2008-10-07

It's Cloudbusting day

In many German meetings around 1930 revolutionaries, such as Otto Strasser, who were intelligent and honest though their thinking was somewhat nationalistic and mystical, would say to the Marxists: "You Marxists always point to the theories of Marx. Marx taught that theory is confirmed only in practice. But you always come up with explanations for the defeats of the Workers' International. Your Marxism has failed. The defeat in 1914 you explain with the 'defection of the Social Democrats,' that of 1918 with their politics of betrayal.' And now you have new 'explanations' for the fact that in the present world crisis the masses turn to the right instead of the left. But your explanations do not alter the fact of these defeats! Where, in the past eighty years, has there been any confirmation of the social revolution by practical action? Your basic error is that you deny or ridicule the mind which moves everything, instead of comprehending it." These were the arguments of many revolutionaries, and the Marxists had no answer to them. It became increasingly clear that their political mass propaganda did not reach anybody except those who already belonged to the left front, simply because this propaganda referred to nothing but the objective socio-economic processes (capitalist production, economic anarchy, etc.). The elaboration of material needs, of hunger alone, was not sufficient, for that was done by every political party, even the church. Thus, when the economic crisis was most acute, the mysticism of National Socialism defeated the economic theories of Socialism. It was evident that there was a wide gap in the propaganda and in the total conception of socialism, a gap which was responsible for its "political mistakes." It was a defect in the Marxist comprehension of political reality. True, the method of dialectic materialism had provided the means for correcting this defect, but they had not been utilized. In brief, Marxist politics had not included in its political practice the character structure of the masses and the social significance of mysticism.

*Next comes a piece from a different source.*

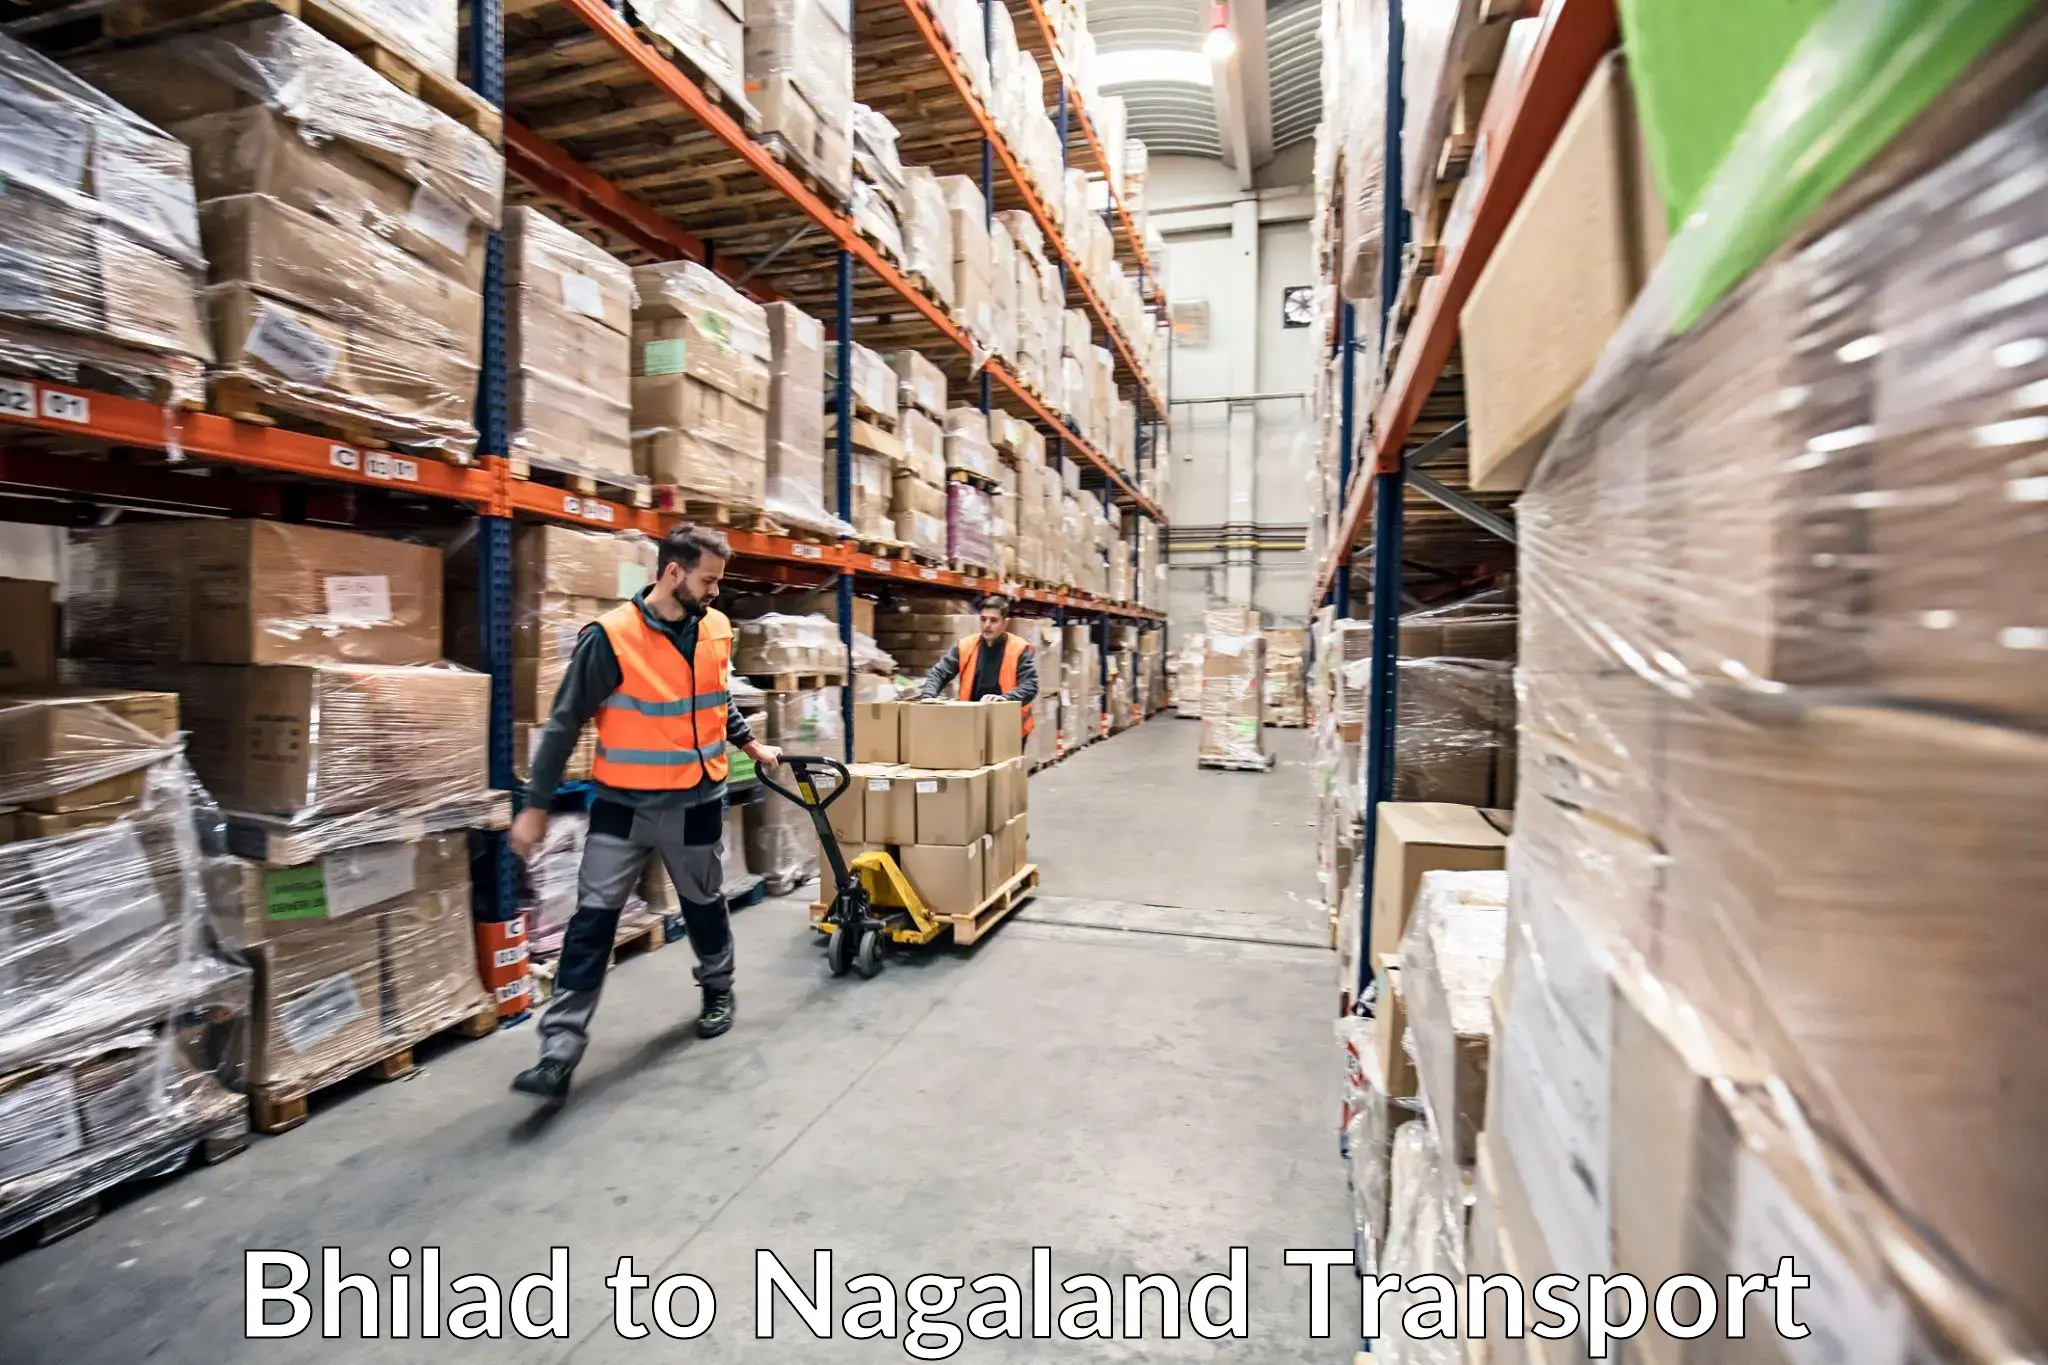 Shipping partner Bhilad to Nagaland

If one followed and actually experienced the theory and practice of Marxism on the revolutionary left front between 1917 and 1933, one found that it was limited to the objective economic processes and to state politics. The so-called "subjective factor" in history, the ideology of the masses, its development and contradictions, were not even considered, let alone understood. The Marxists failed to apply their own method of dialectic materialism, to keep it alive, and to use it to comprehend every new social phenomenon.[...]

Like the works of many great thinkers, Marx's ideas were debased to empty slogans; they lost, in the hands of the Marxist politicians, their scientific revolutionary content. The politicians were so engrossed in everyday political struggles that they were unable to develop the principles of a live concept of social functioning as handed down by Marx and Engels. One has only to compare the books of, say, Sauerland, Salkind or Pieck with any of Marx or Engels to realize that functional methods turned into formulae, scientific research into rigid schemata. The "proletariat" of Marx's time had developed, in the meantime, into a gigantic industrial workers' class, the small tradespeople of the middle classes into masses of industrial and government employees. Scientific Marxism degenerated into "vulgar Marxism."



Emphasis added. Reich's Mass Psychology of Fascism is linked on the sidebar now. Start reading, and weep at how little has changed since 1933. Then take up Uncle Wilhelm's challenge and use dialectical materialism to understand culture, ideology, mysticism, and how we can all become as skilled as Karl Rove, for good rather than evil.